The paper, on the strength of its summary, demonstrates that reasoning patterns can be extracted and that students improve. That is a genuine and useful result at the capability layer. What it does not solve, and does not claim to, is everything downstream of "it works on the benchmark".

It does not address teacher licence compatibility, so a buyer cannot tell from the paper whether deploying a distilled prompt breaches the terms of the API it was extracted from. It does not address drift between teacher and distilled artefact, so there is no answer to "how do we know this reasoning is still correct six months on". It does not address retention and discovery: a readable reasoning prompt is a record, and records about decisions affecting individuals fall under UK GDPR and, for public bodies, potentially FOIA and EIR. And it does not name authors or datasets in the material we were given, which is its own caution: a distillation method you cannot fully attribute is a method you cannot fully defend.

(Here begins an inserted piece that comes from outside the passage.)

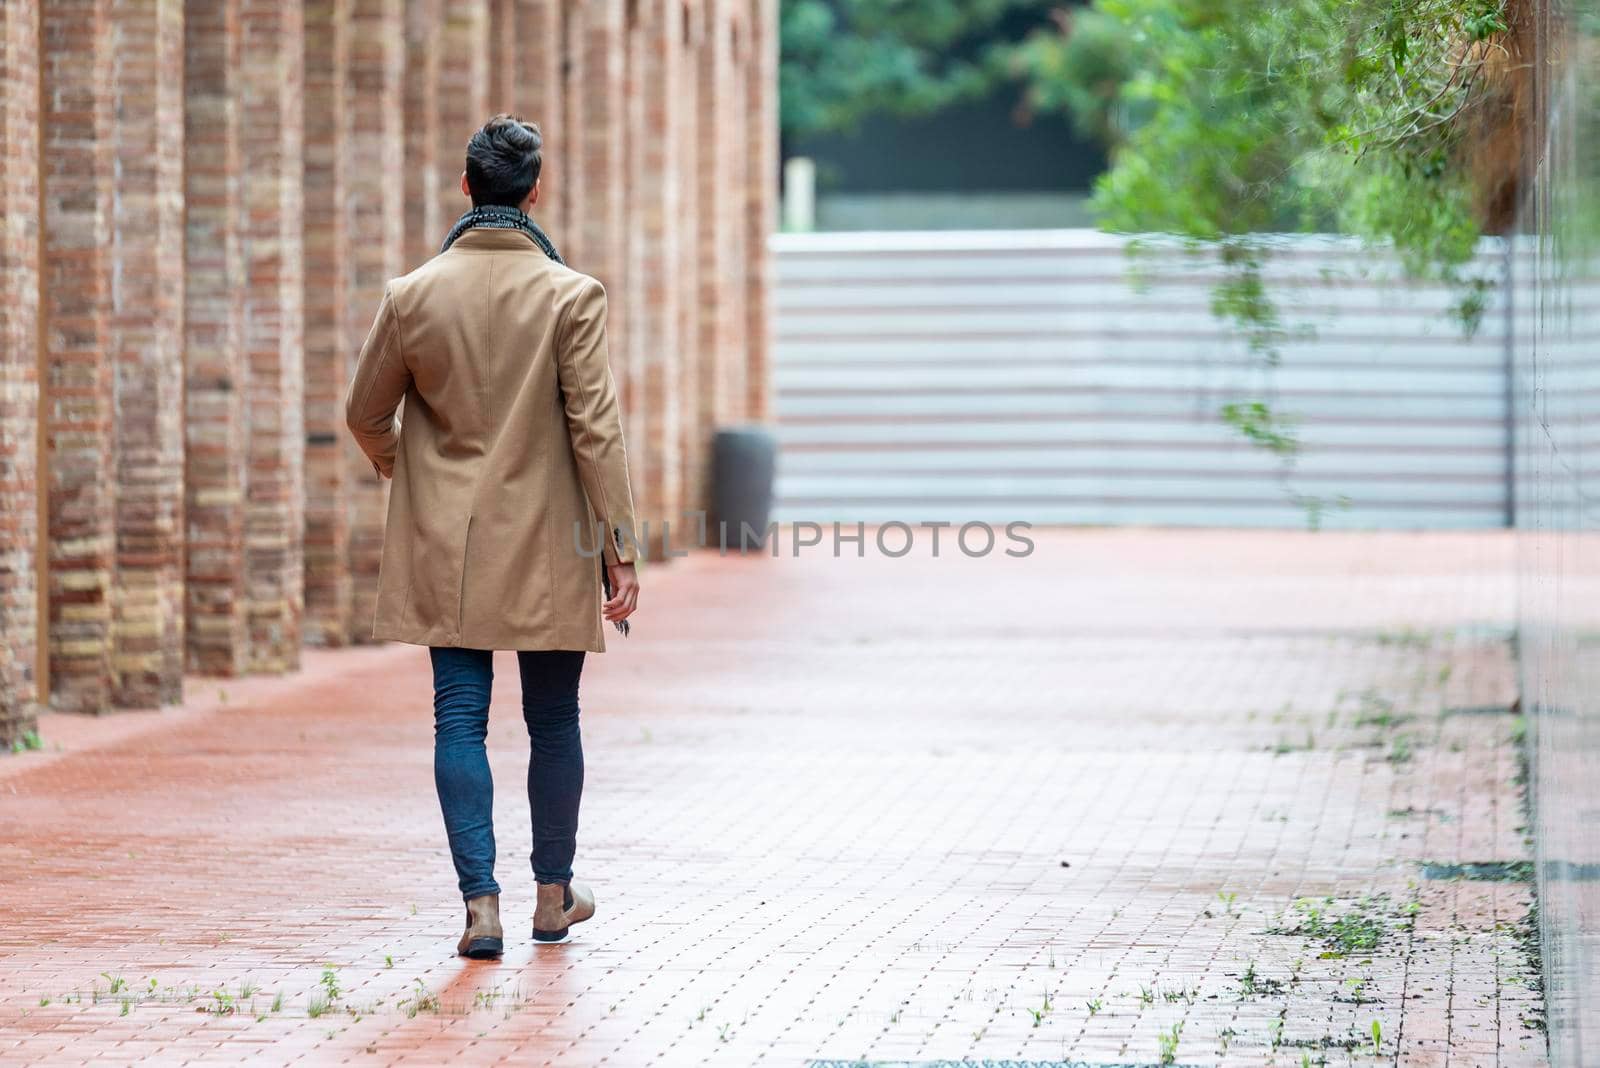 Handsome young man wearing winter clothes walking on the city. Street photo concept.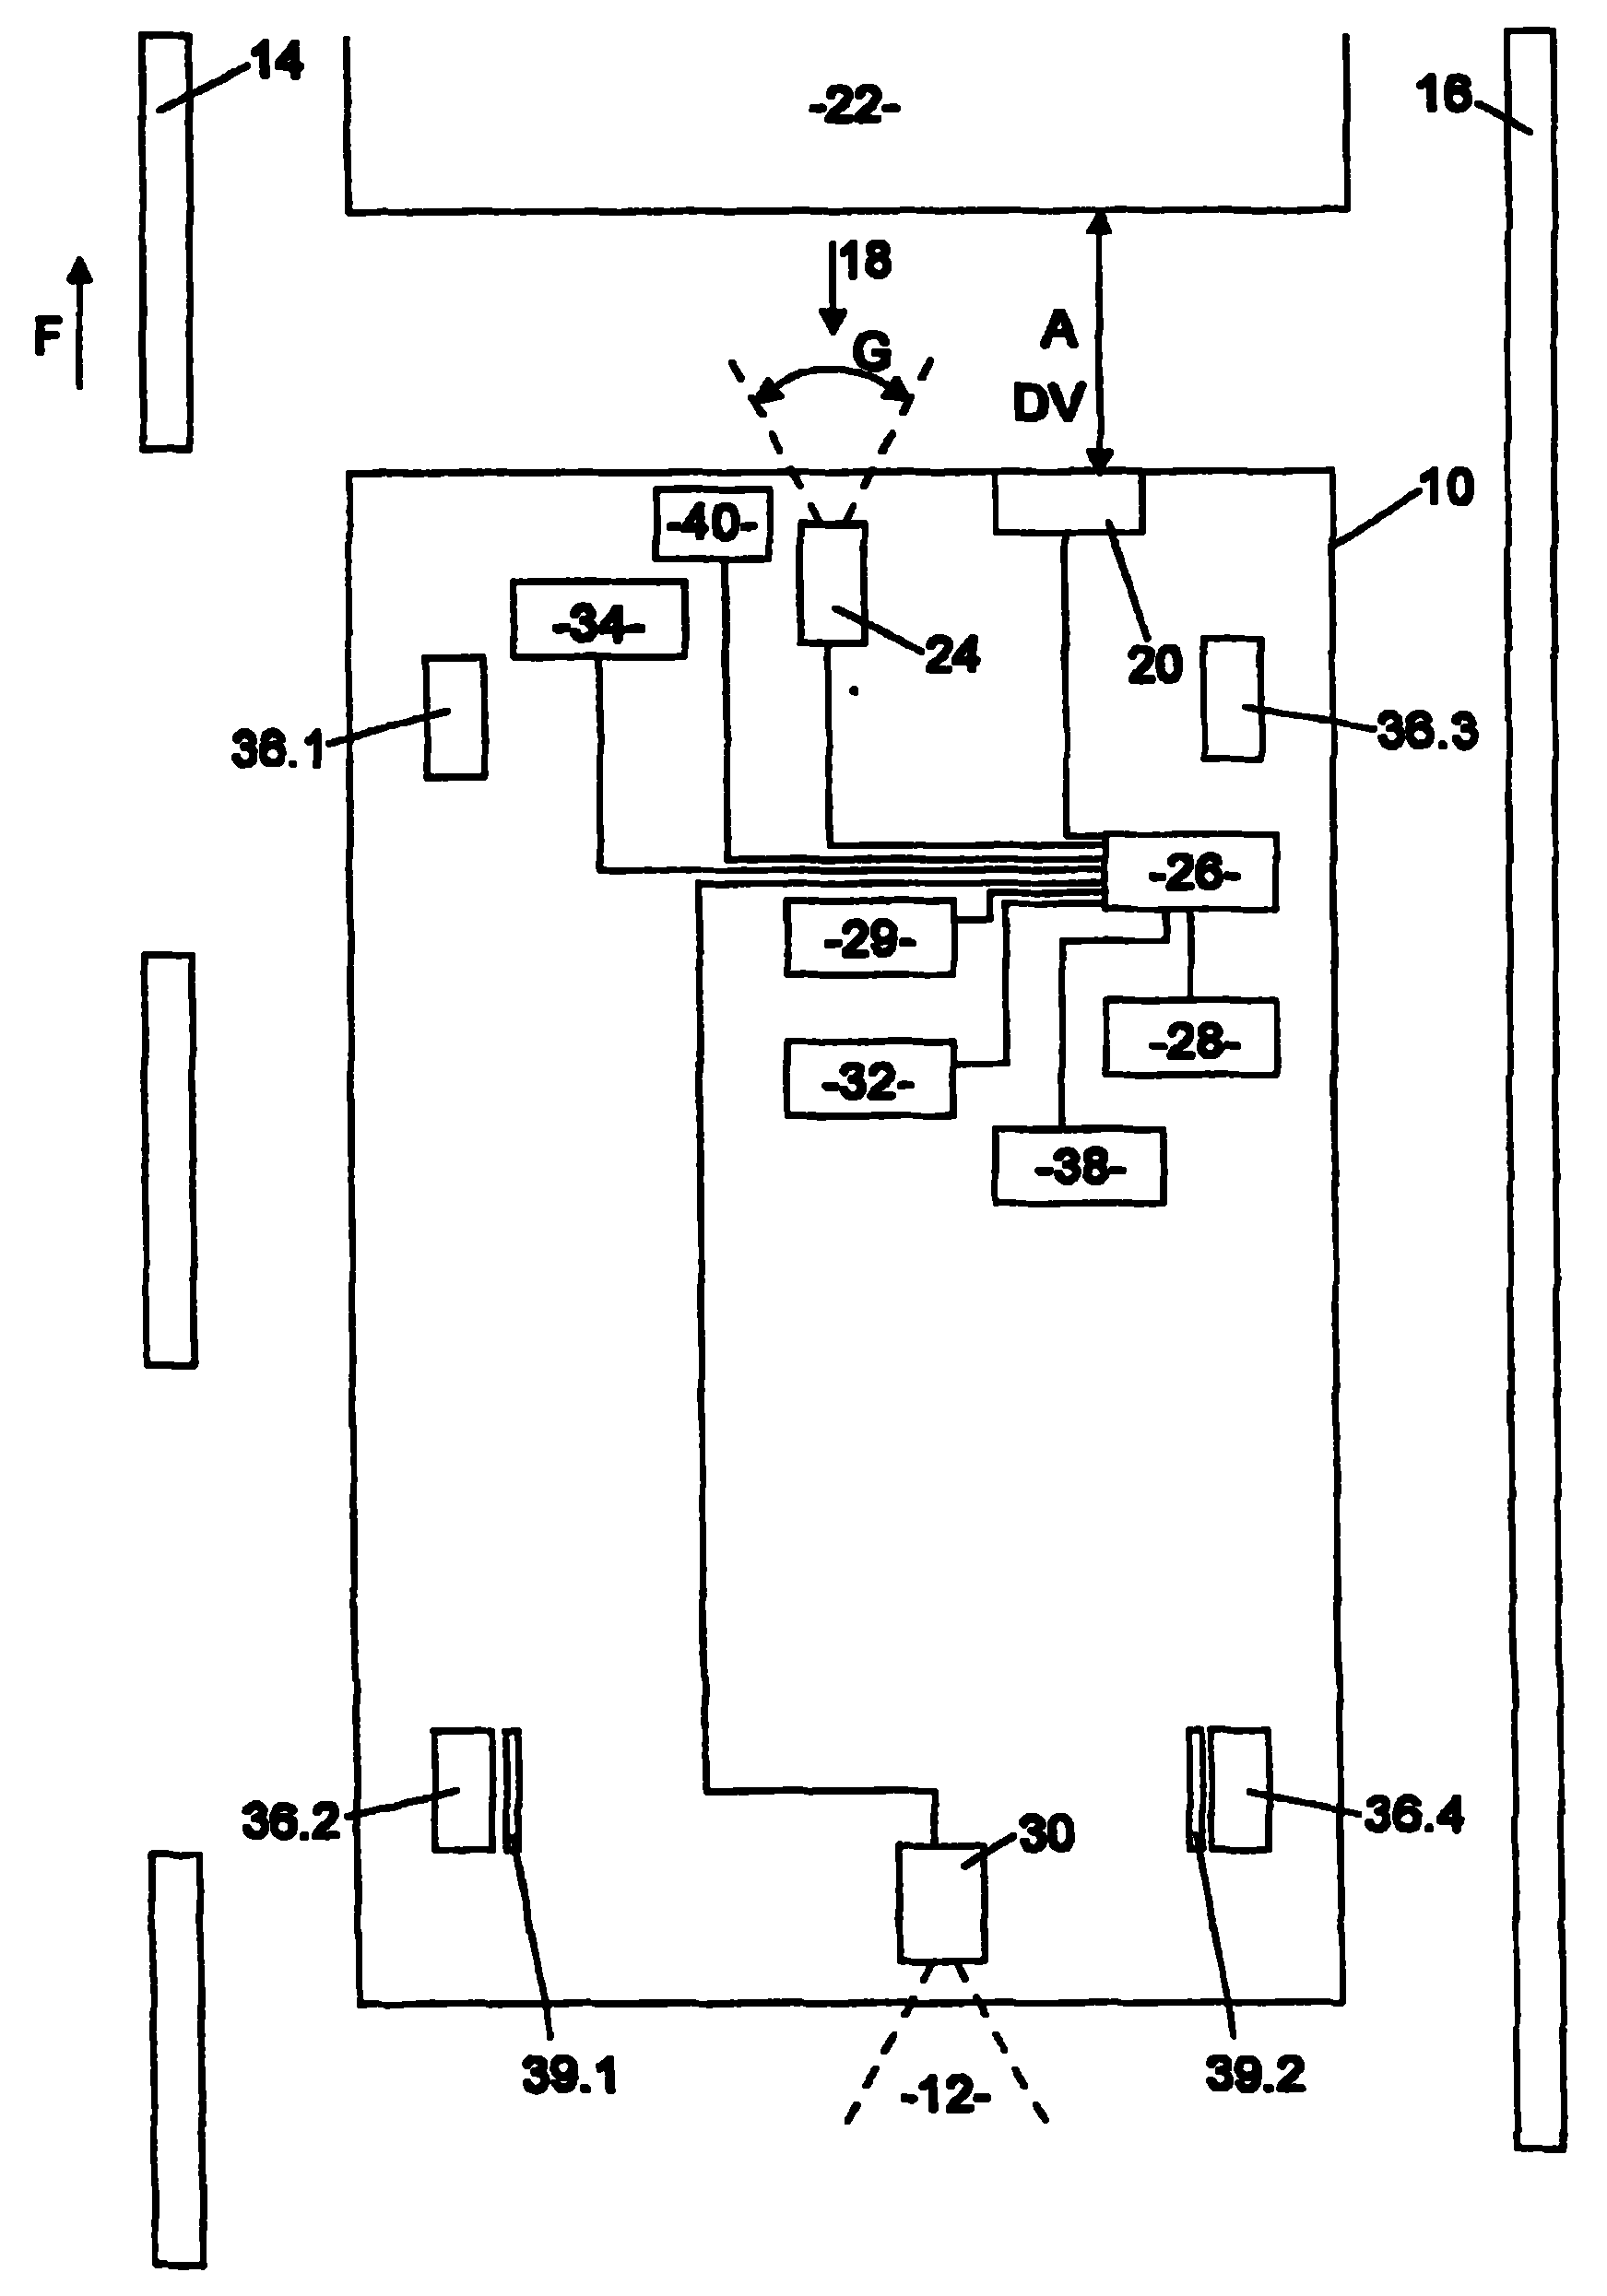 Driver assistance system for a motor vehicle

We will follow up with a provenance-binding pattern for distilled prompts that a regulated buyer could actually put in front of an auditor.

Methodology note. This Note takes the prompt-level distillation paper (arXiv:2602.21103) as a capability result with an uncosted governance tail. Triggers: substrate-relevant (relocates the audit boundary from weights to readable prompts); non-duplicative (the interpretability claim is being read uncritically by buyers, and nobody is costing teacher-drift or licence exposure); regulated-buyer link (UK Local Authorities and FCA firms under SS1/23 model risk rules and the ICO's explainability expectations inherit the provenance burden on deployment). Forthcoming: a provenance-binding pattern for distilled prompts, with non-strippable teacher metadata and a staleness signal, written for audit defensibility.